Problem requirements:
The expected output is an exact copy of the lines from the one containing "Gradient White Border" to the final line below, minus any pictures.

Start of Available data

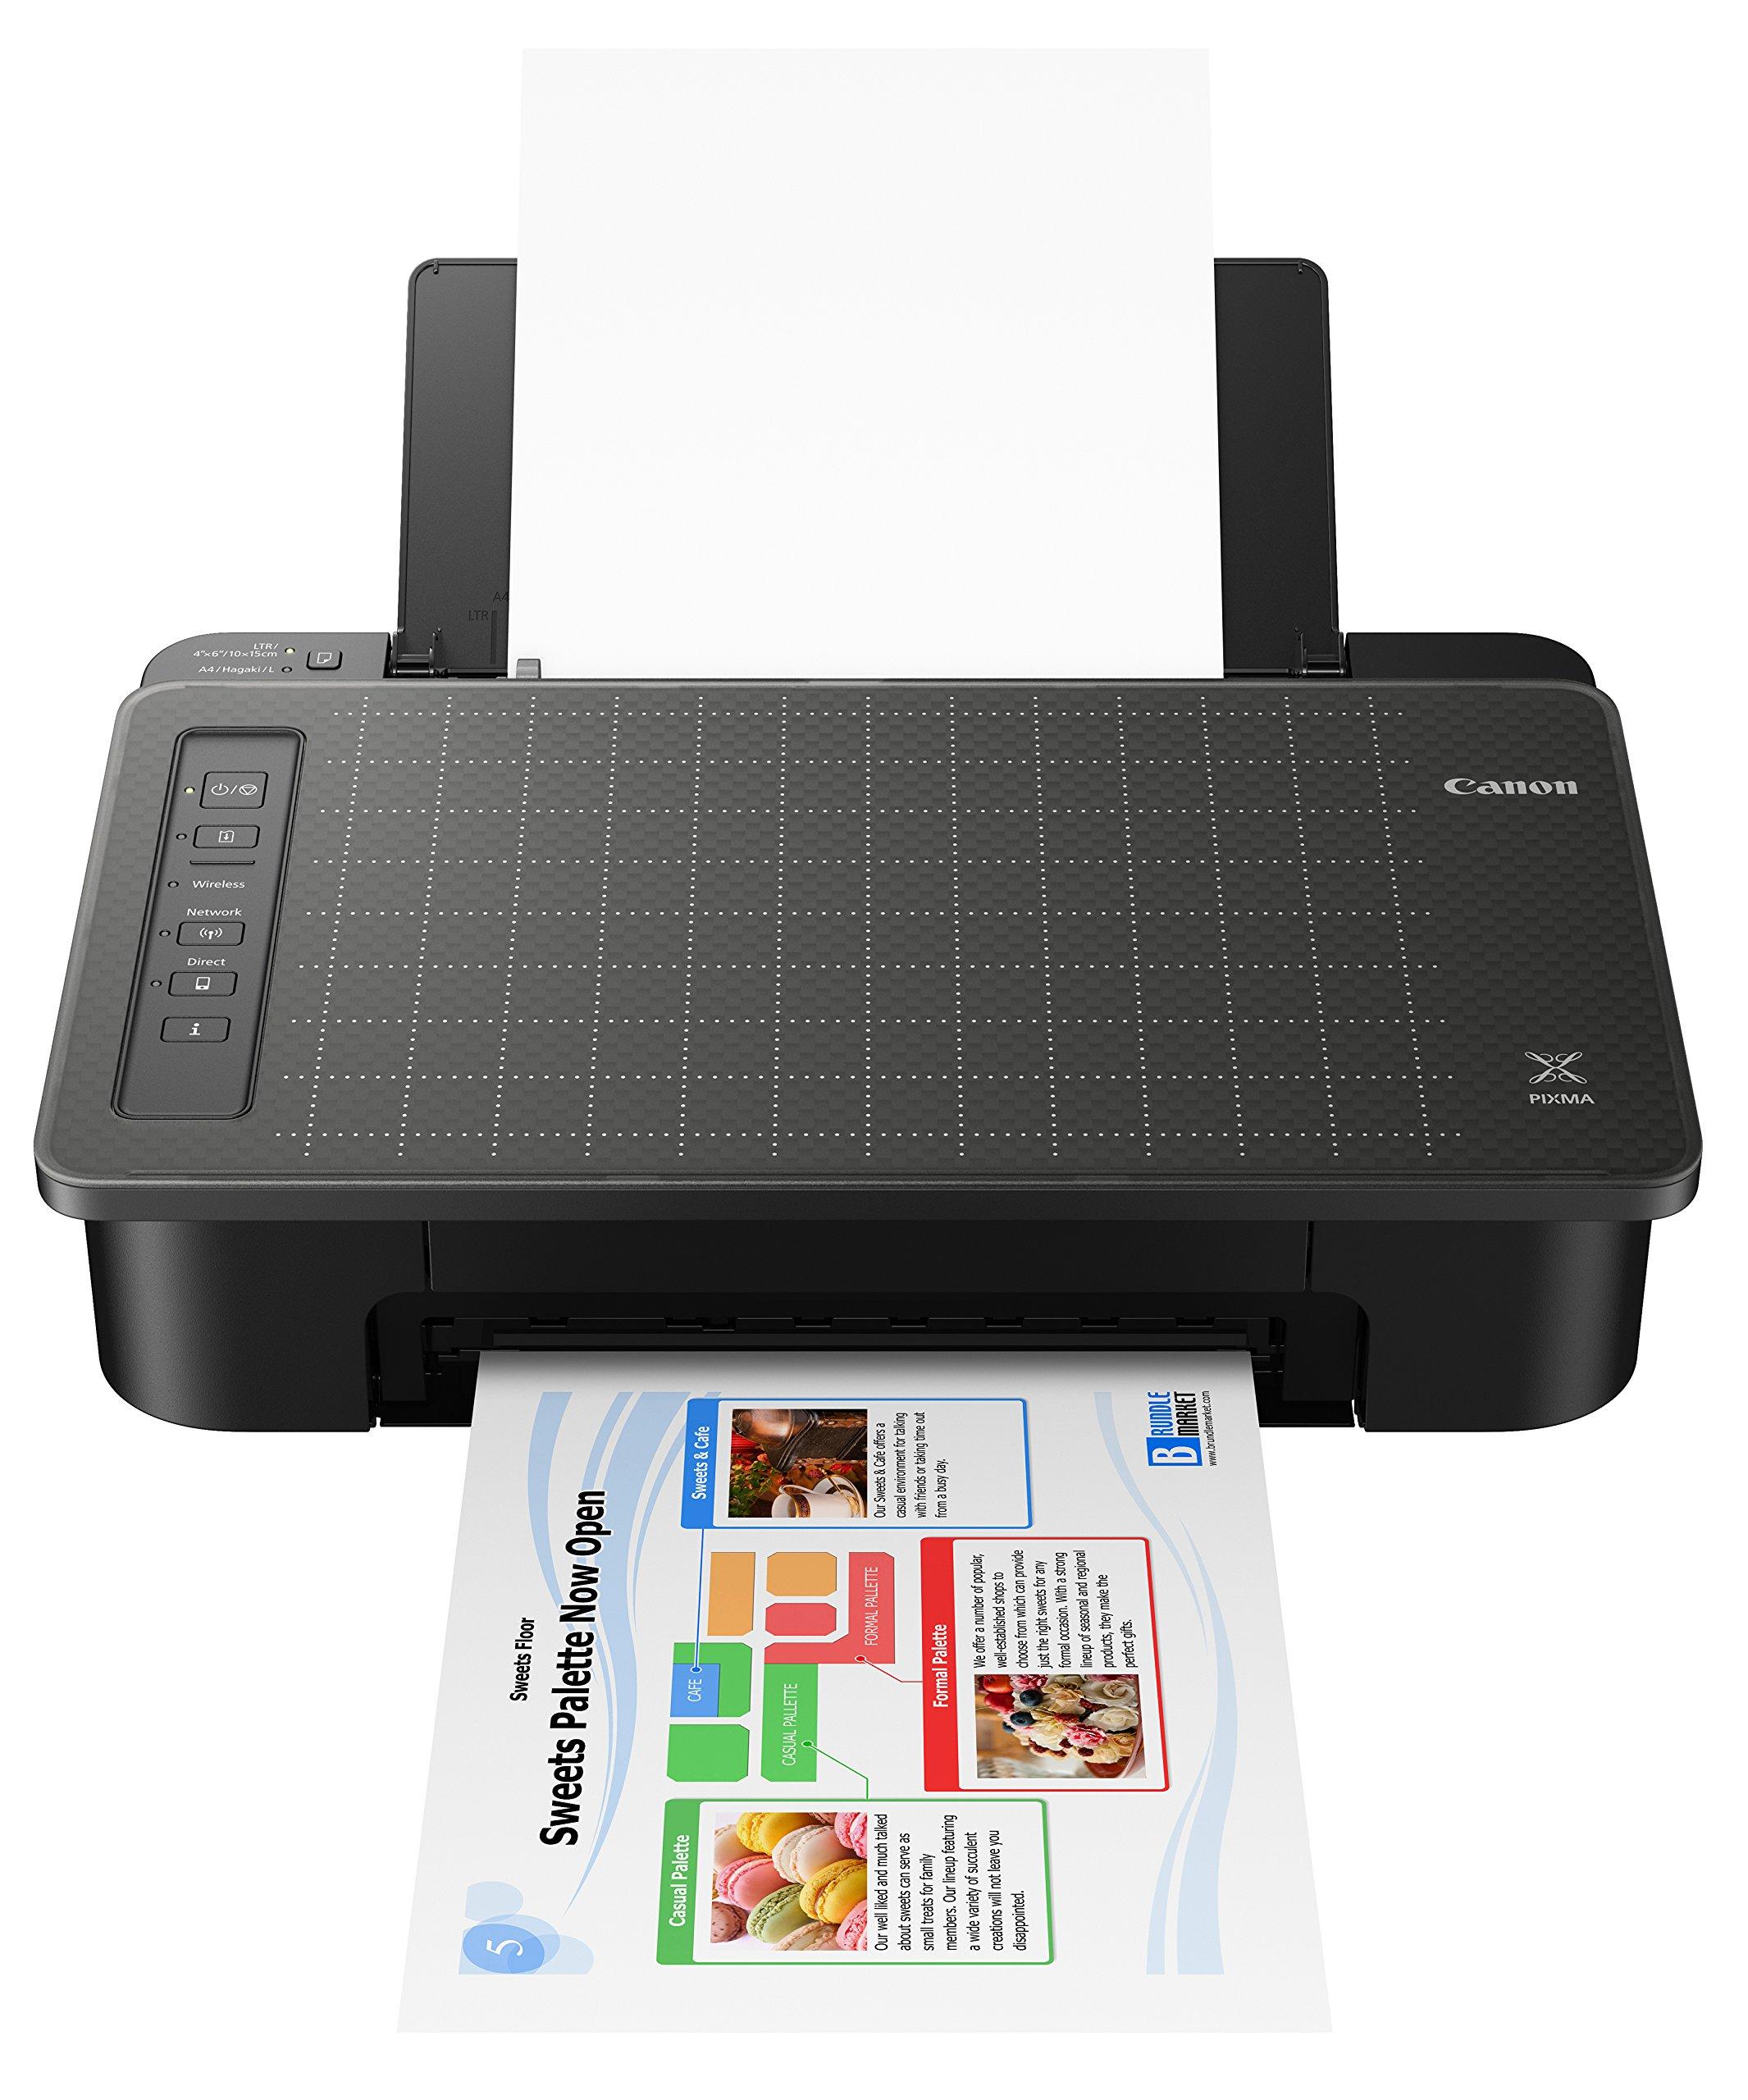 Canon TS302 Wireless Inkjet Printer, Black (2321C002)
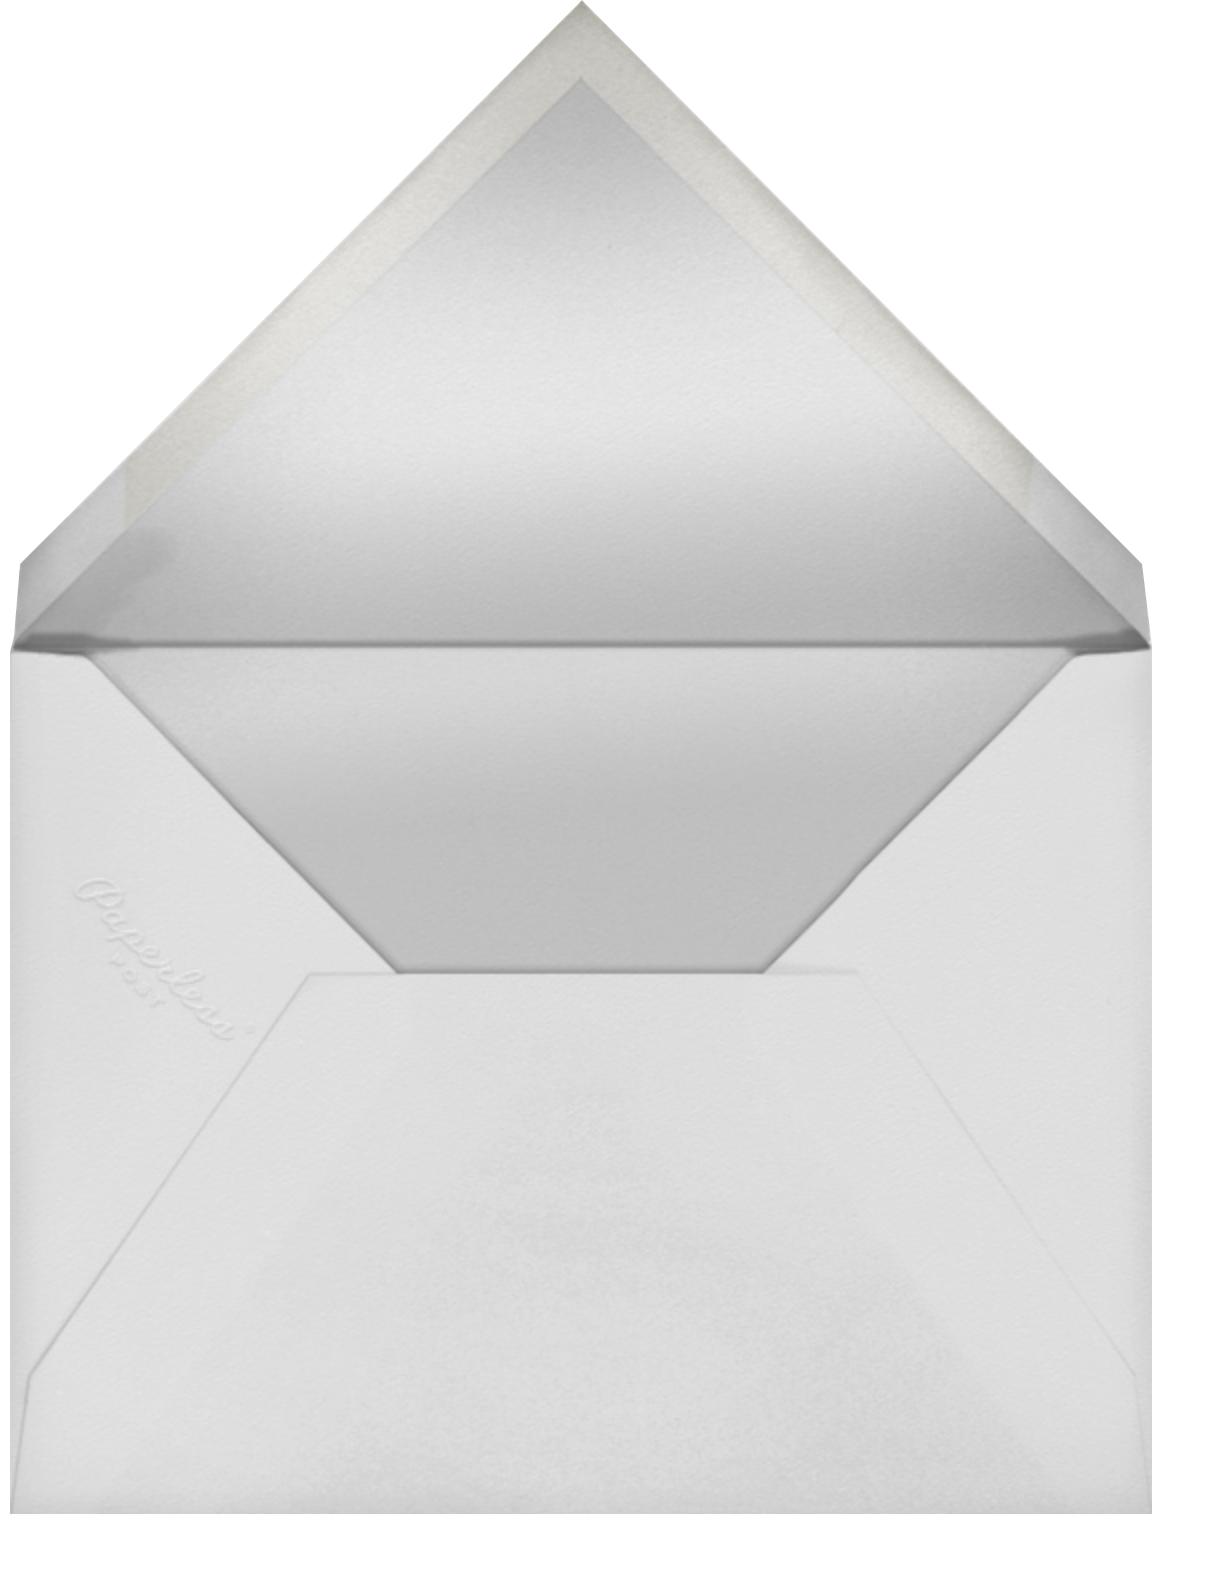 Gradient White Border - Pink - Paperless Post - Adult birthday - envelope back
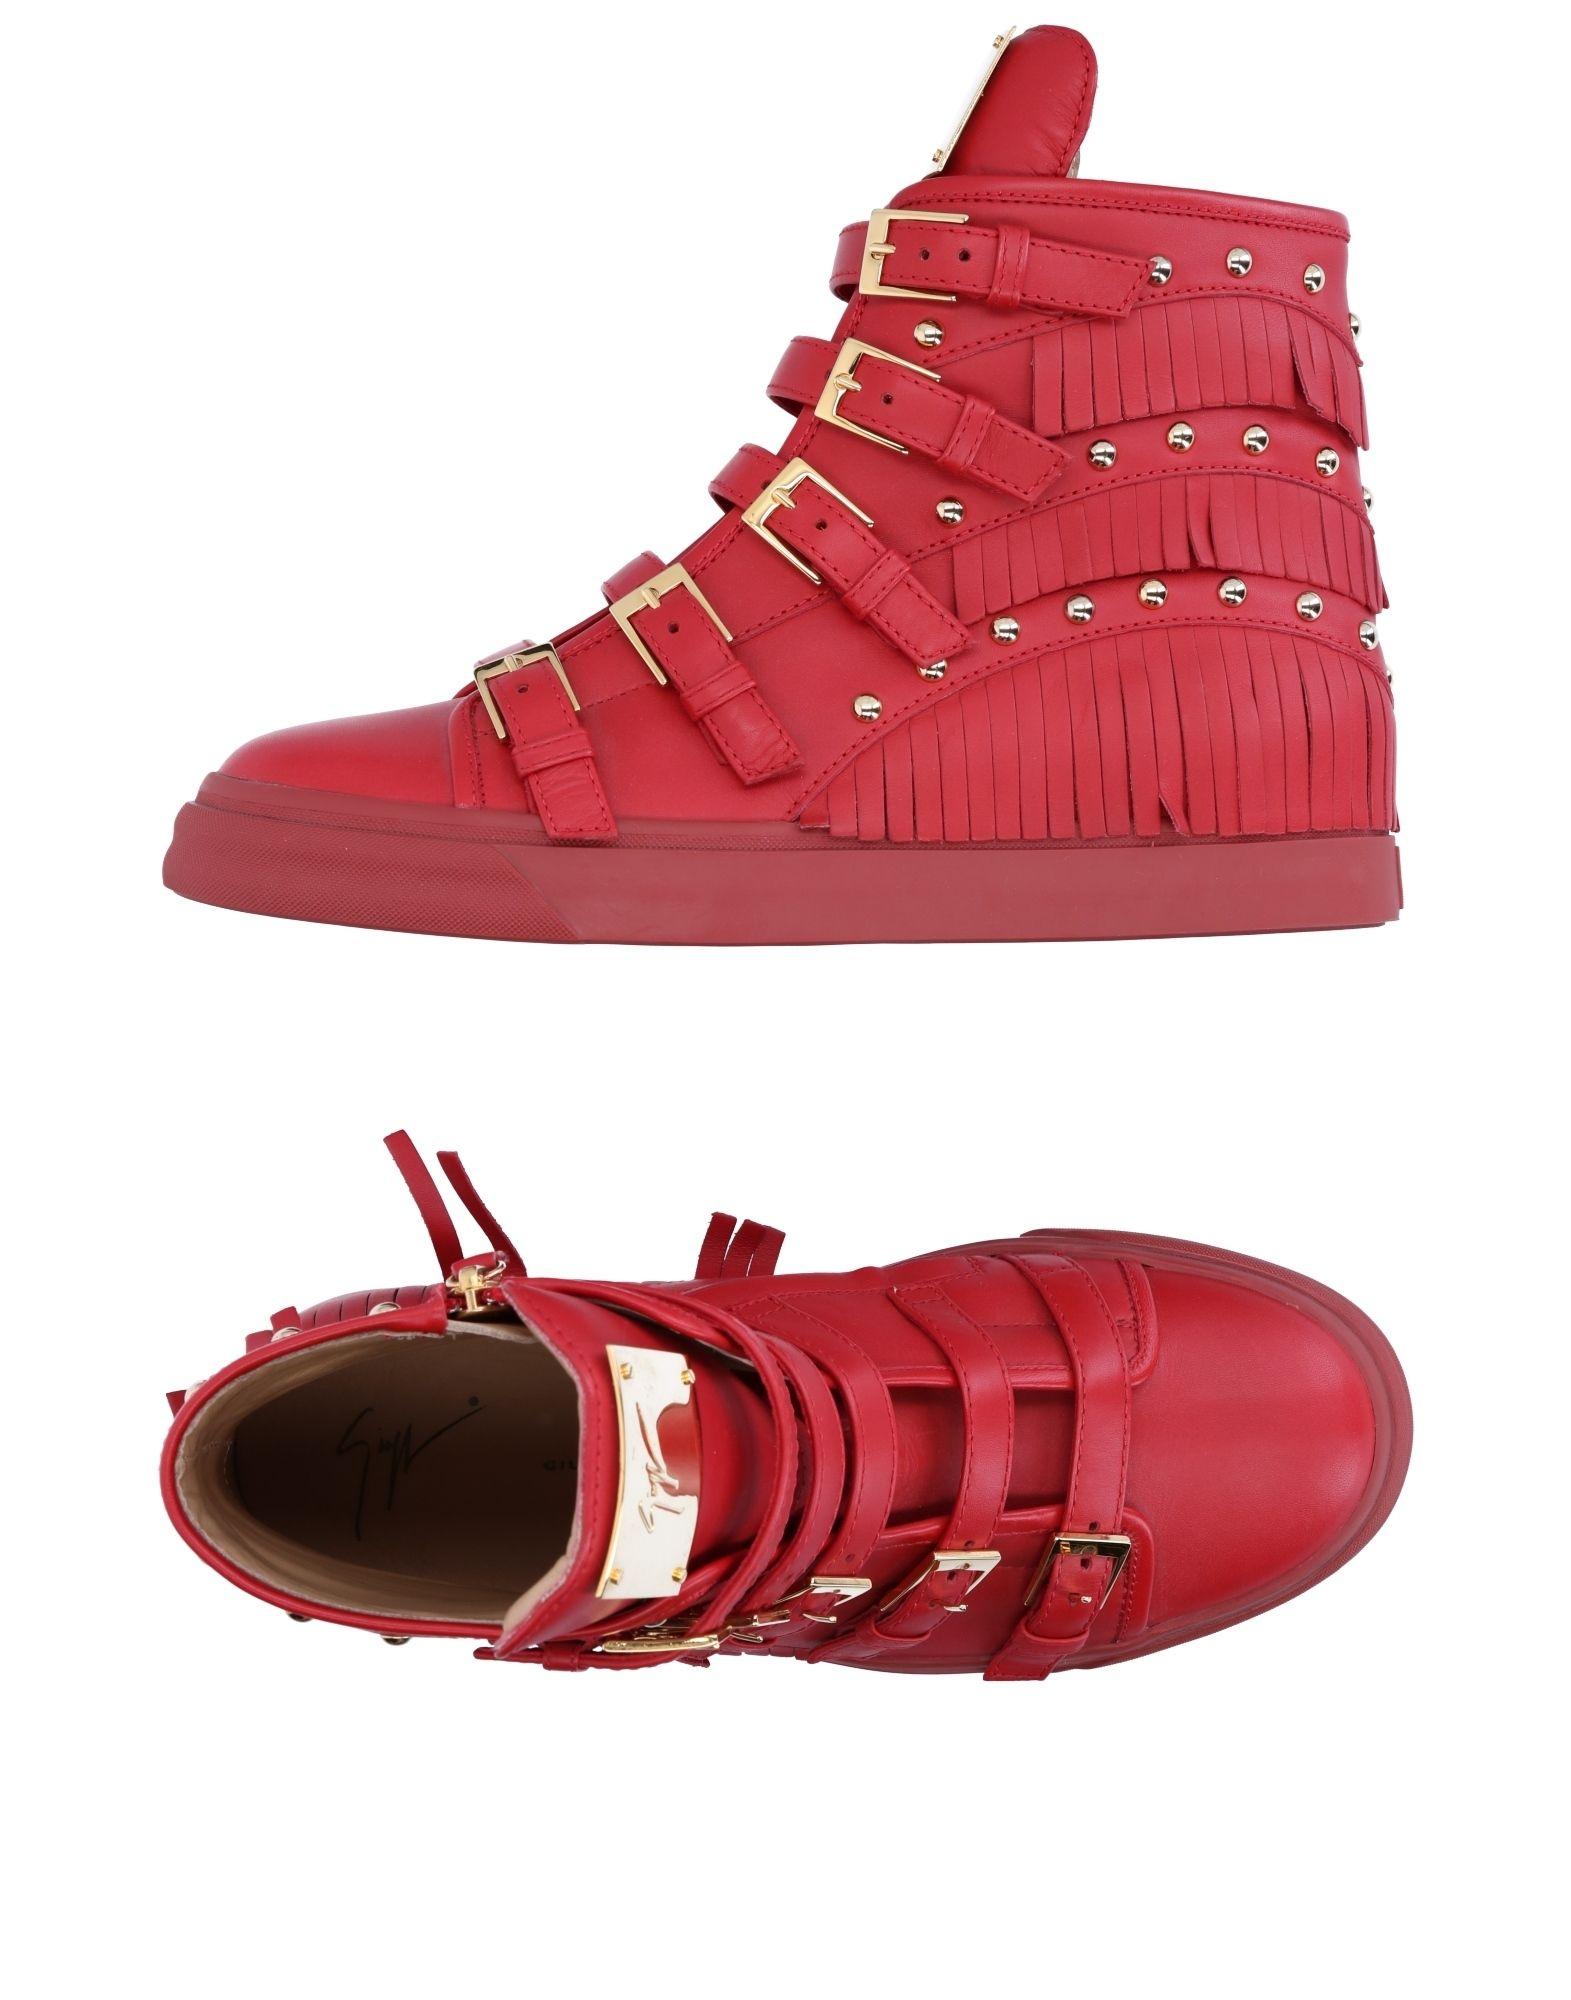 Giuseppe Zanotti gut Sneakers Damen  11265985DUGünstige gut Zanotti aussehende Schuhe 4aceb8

End of Available data

Your solution:
 Gradient White Border - Pink - Paperless Post - Adult birthday - envelope back
 Giuseppe Zanotti gut Sneakers Damen  11265985DUGünstige gut Zanotti aussehende Schuhe 4aceb8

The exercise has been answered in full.